Prétérition du jour

Jean Echenoz, Vie de Gérard Fulmard, 2020, couverture

(Quand paraît un nouveau livre de Jean Echenoz, cela se célèbre. Vie de Gérard Fulmard venant de paraître, célébrons pendant quelques jours.)

Le narrateur appâte son lecteur :

Ne manquerait plus maintenant qu’une scène de sexe pour remplir tous les quotas — mais alors une vraie scène de sexe, bien sûr, savamment menée, moins déprimante et ratée que celle de Franck Terrail à Pigalle. Nous verrons cela plus tard. Gardons-la en réserve si l’occasion se présente (p. 192).

Se présentera-t-elle dès la page suivante ?
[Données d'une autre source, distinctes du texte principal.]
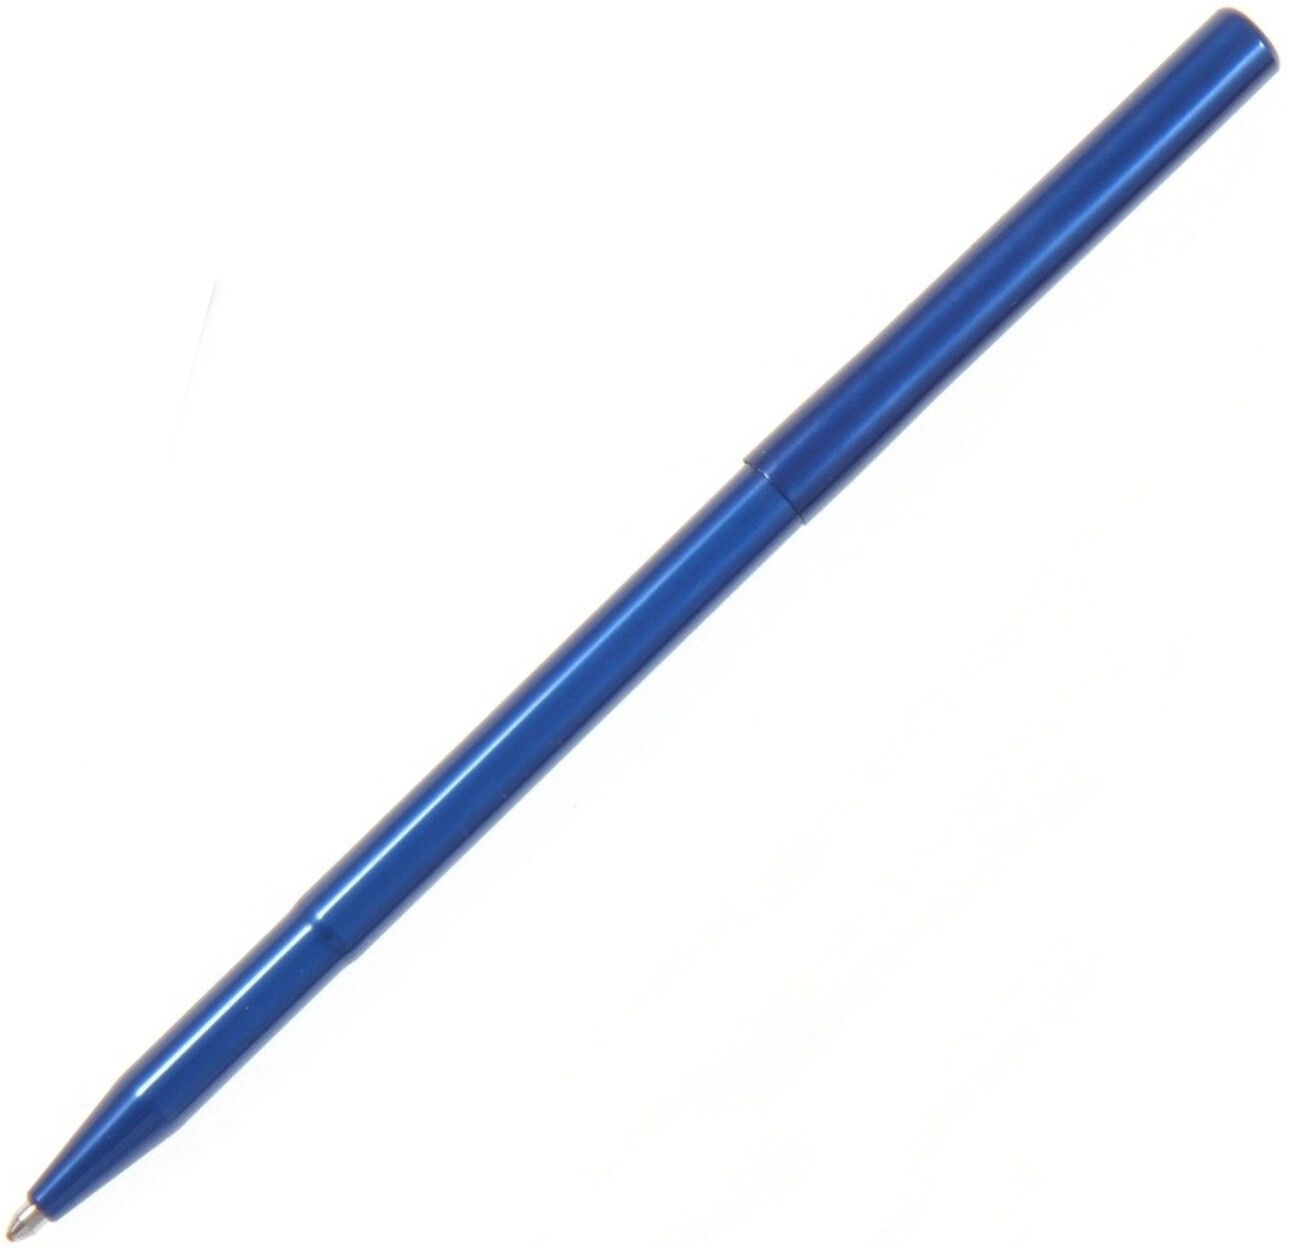 Fisher Space Pen - Stowaway Ballpoint Pen - Blue Anodized Aluminum SWY-BLUE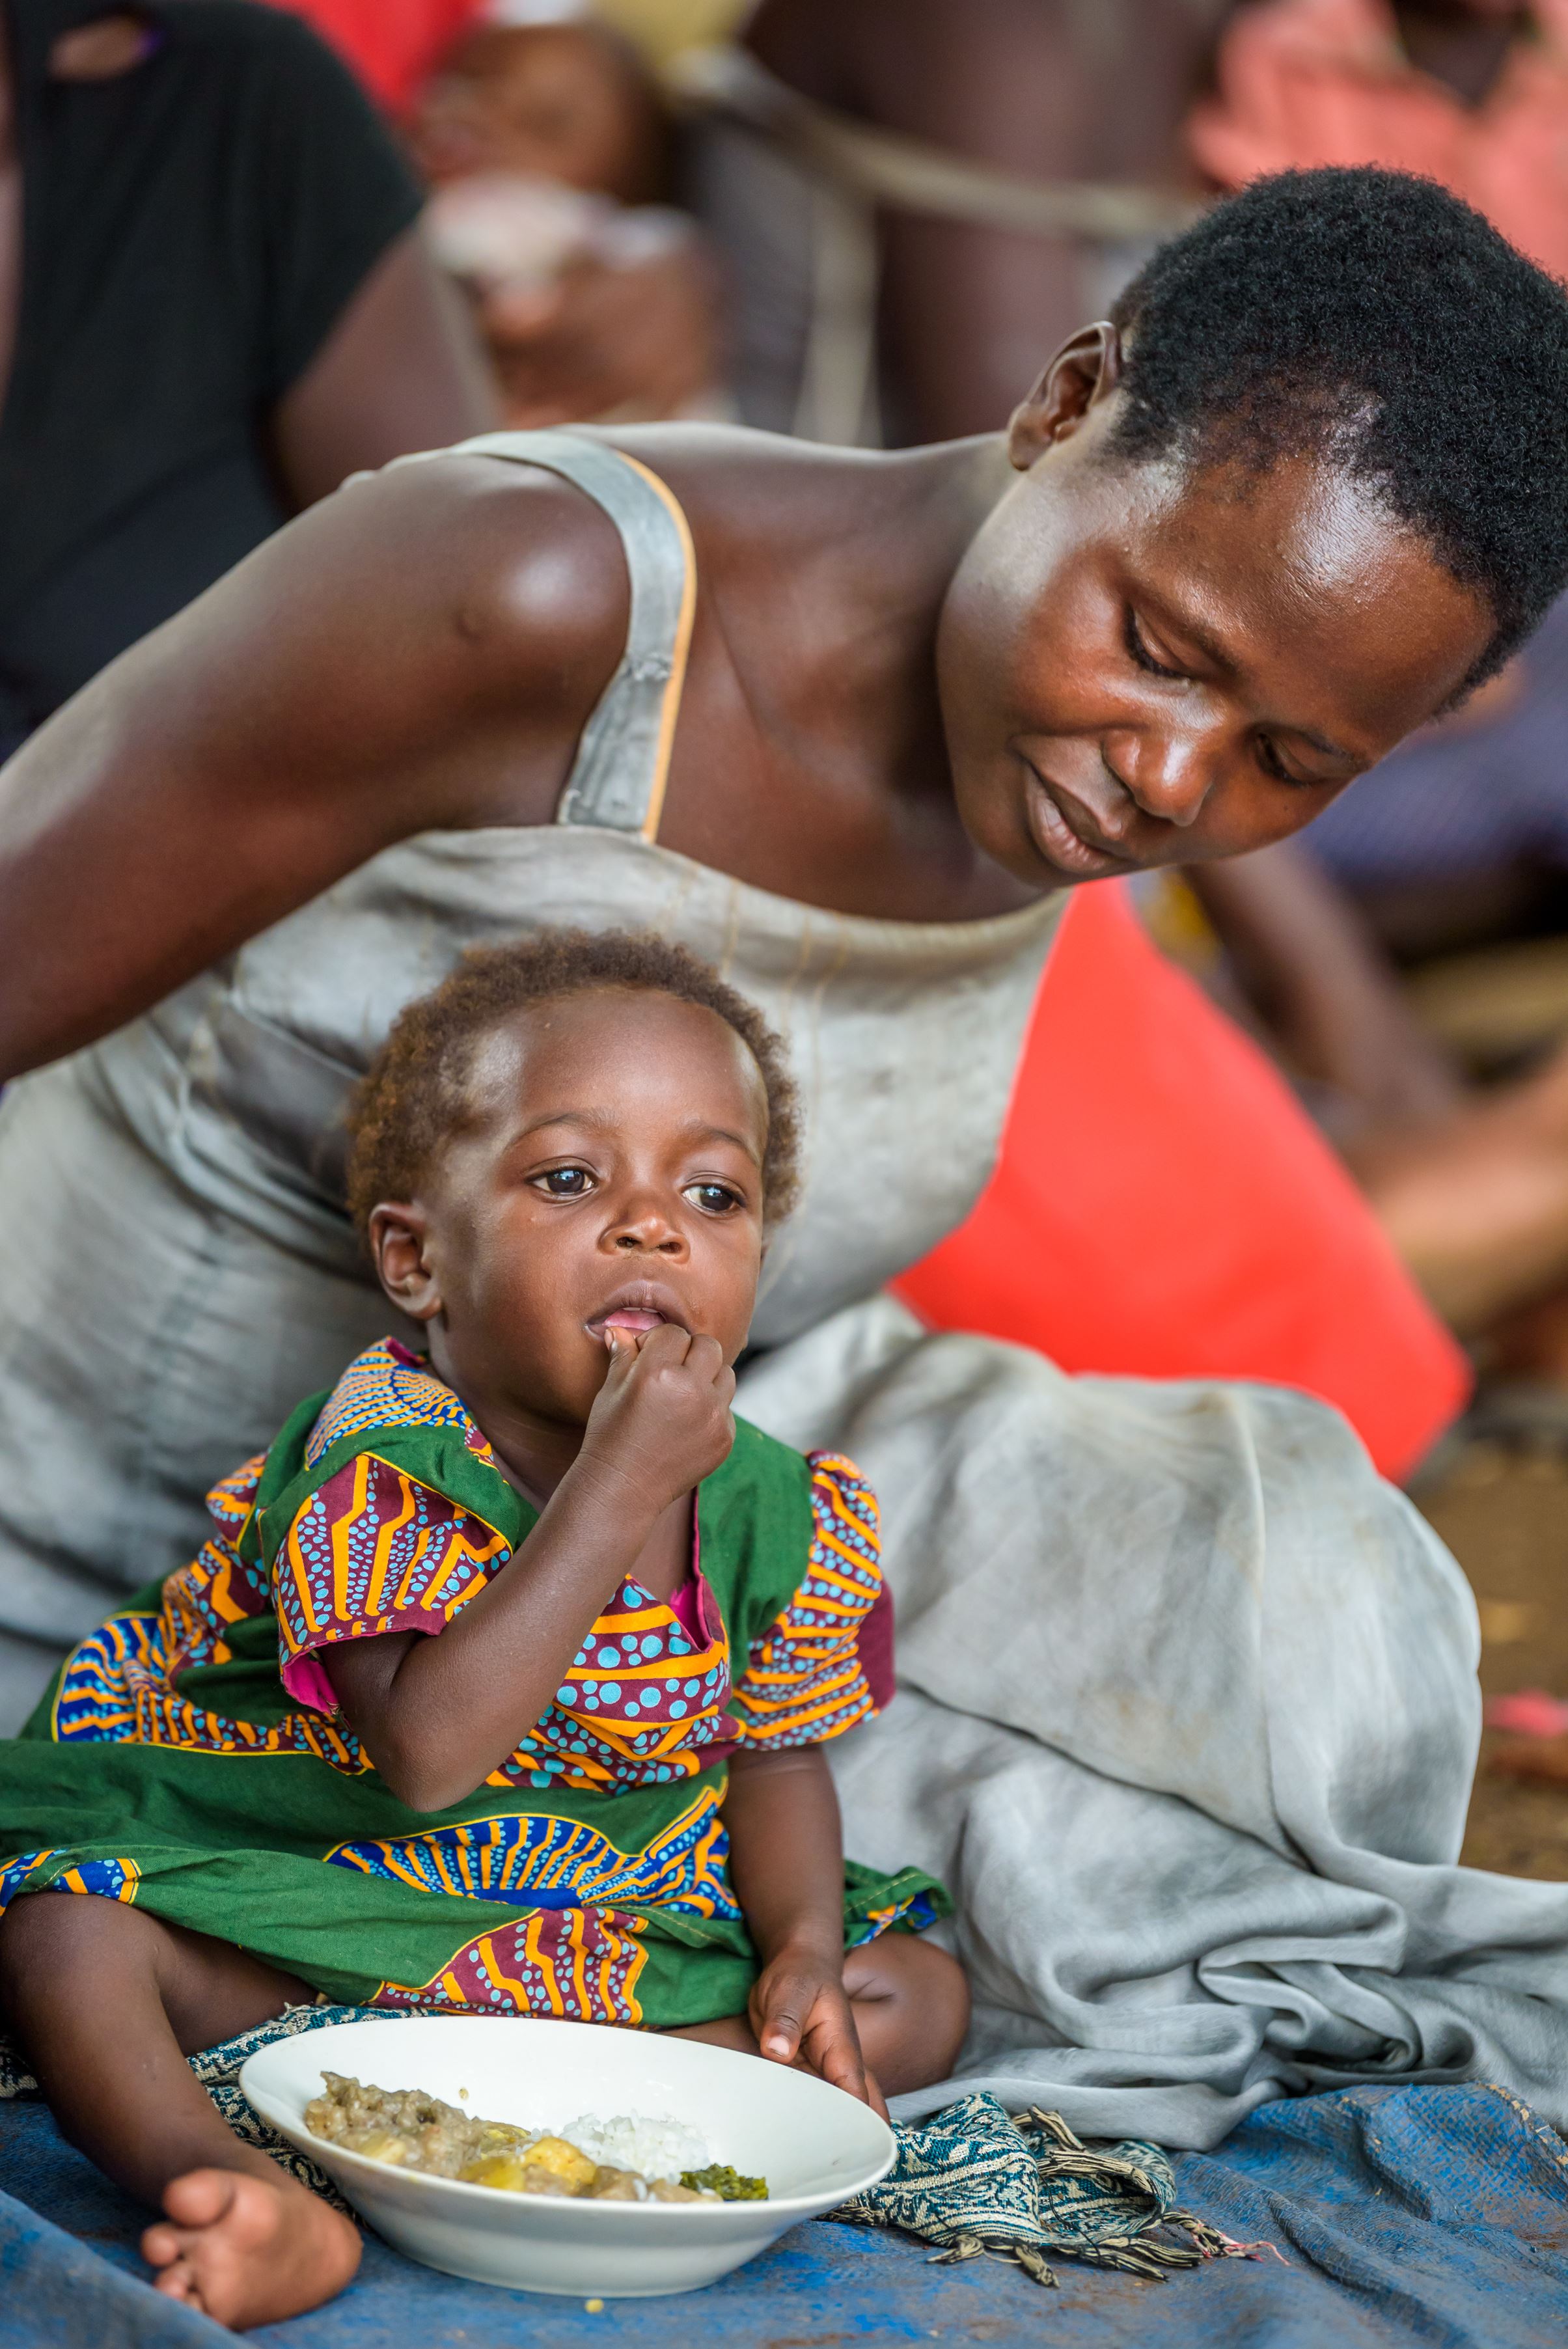 Madre y niño de uganda disfrutando su comida

Une telle scène, d’ailleurs, aurait pu survenir dès maintenant car tout s’y prête dans la suite Honeymoon : l’ambiance et l’air conditionné sont doux, les couleurs apaisantes, des voilages vaporeux filtrent une lumière légère et le lit rond, surtout, de format sénatorial, revêtu de cuir de buffle et au pied duquel gît un plateau chargé de boissons fraîches, s’y accorderait parfaitement. Il conviendrait d’autant mieux qu’on ne distinguerait d’abord de cette séquence qu’un ébat de silhouettes floutées par l’écran des moustiquaires, ce n’en serait que plus efficace avant de se livrer à des plans rapprochés, de gros plans pour mieux suivre l’enchaînement des postures, harmonisées par le ressac de la mer de Flores en contrebas, le va-et-vient de ses vagues procurerait un excellent fond sonore, symétrique et synchrone à l’action (p. 193).

La scène a eu lieu sans avoir lieu. Vive la prétérition (et le pastiche).

 

Référence

Echenoz, Jean, Vie de Gérard Fulmard. Roman, Paris, Éditions de Minuit, 2020, 235 p.